Interior, Comfort, and Cargo
The polished planes and sloping lines of the CLS-class’s exterior are reflected in its cabin design. The dash encircles front-seat passengers with a graceful swirl, and a quartet of circular air vents dominate the center stack. With its nappa leather upholstery, the overall look of the cabin is premium and undeniably glamorous. There’s seating for five, but the car’s swooping roofline takes a toll on headroom for those perched in the back. The CLS-class provides 35 inches of rear-seat legroom. That’s two inches less than you’ll get with the A7. Despite this Benz’s sizable footprint, there’s not a whole lot of room in the trunk. Cargo capacity measures in at a paltry 12 cubic feet. In comparison, the A7 serves up 25 cubic feet of room for your belongings.
Infotainment and Connectivity
The base-model CLS-class comes with Bluetooth phone connectivity and streaming audio, and Apple CarPlay/Android Auto smartphone integration is on hand to help you seamlessly connect your devices. The infotainment system features a 12.3-inch display and a touchpad controller. The list of optional equipment includes a Wi-Fi hotspot, a head-up display, and wireless device charging.
Safety and Driver-Assistance Features
The 2020 Mercedes-Benz CLS-class hasn’t been crash-tested by the National Highway Traffic Safety Administration (NHTSA) or the Insurance Institute for Highway Safety (IIHS).
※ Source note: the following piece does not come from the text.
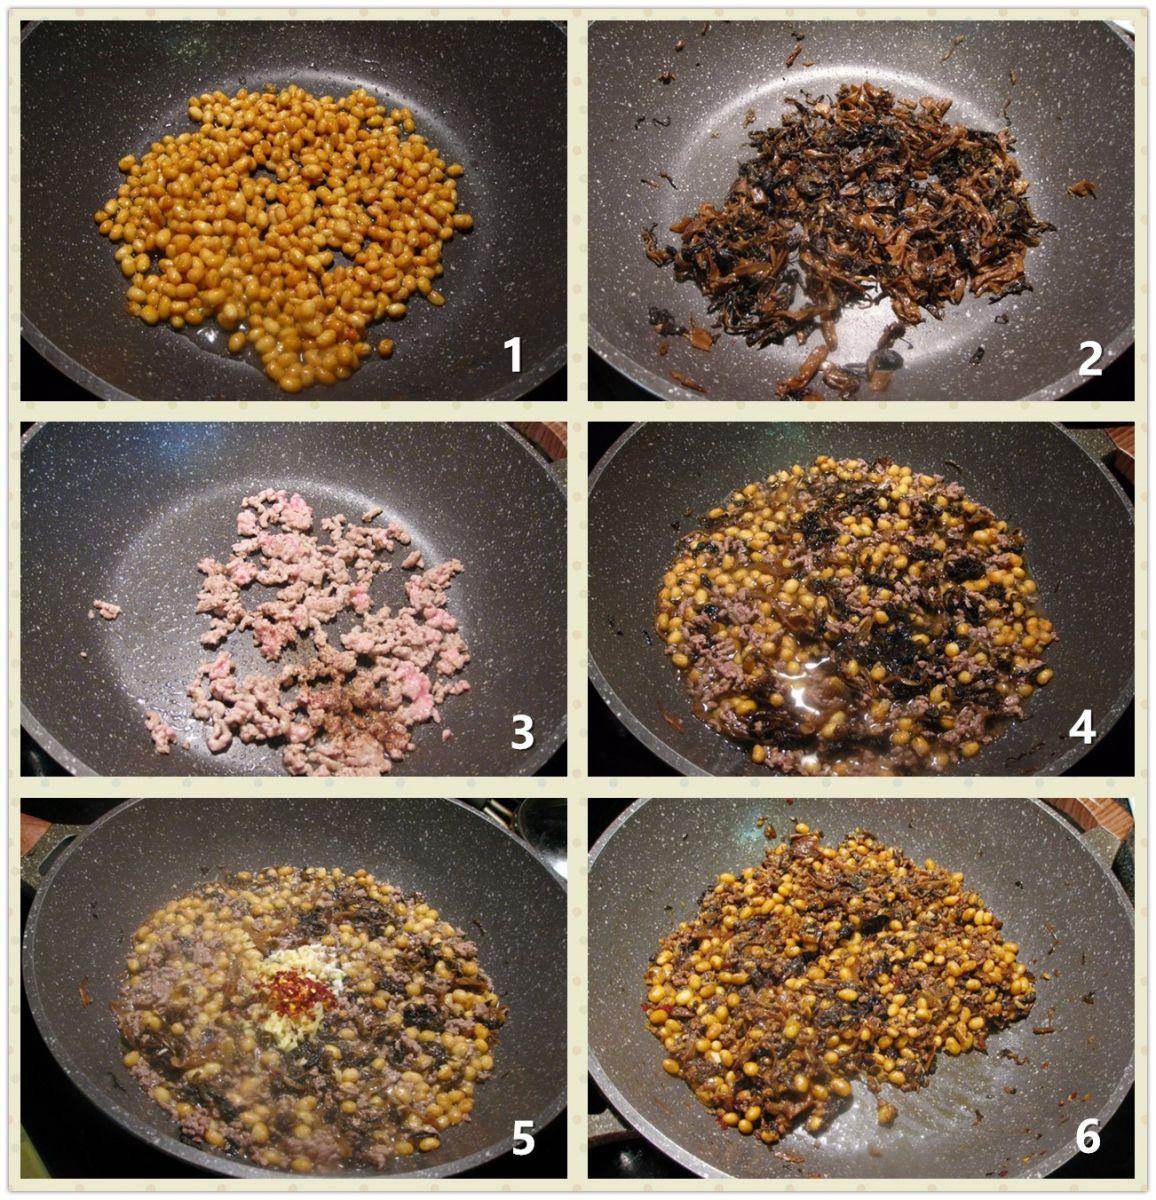 牛肉末梅菜焖黄豆_图1-2

Still, the CLS450 comes with standard and optional driver-assistance technology. Key safety features include:
- Standard forward-collision warning and automated emergency braking
- Available adaptive cruise control with stop-and-go technology
- Available lane-departure warning and lane-keeping assist
Warranty and Maintenance Coverage
Warranty coverage provided by the Mercedes-Benz CLS-class is competitive with that offered by many segment rivals. However, know that the Genesis G90 offers longer coverage.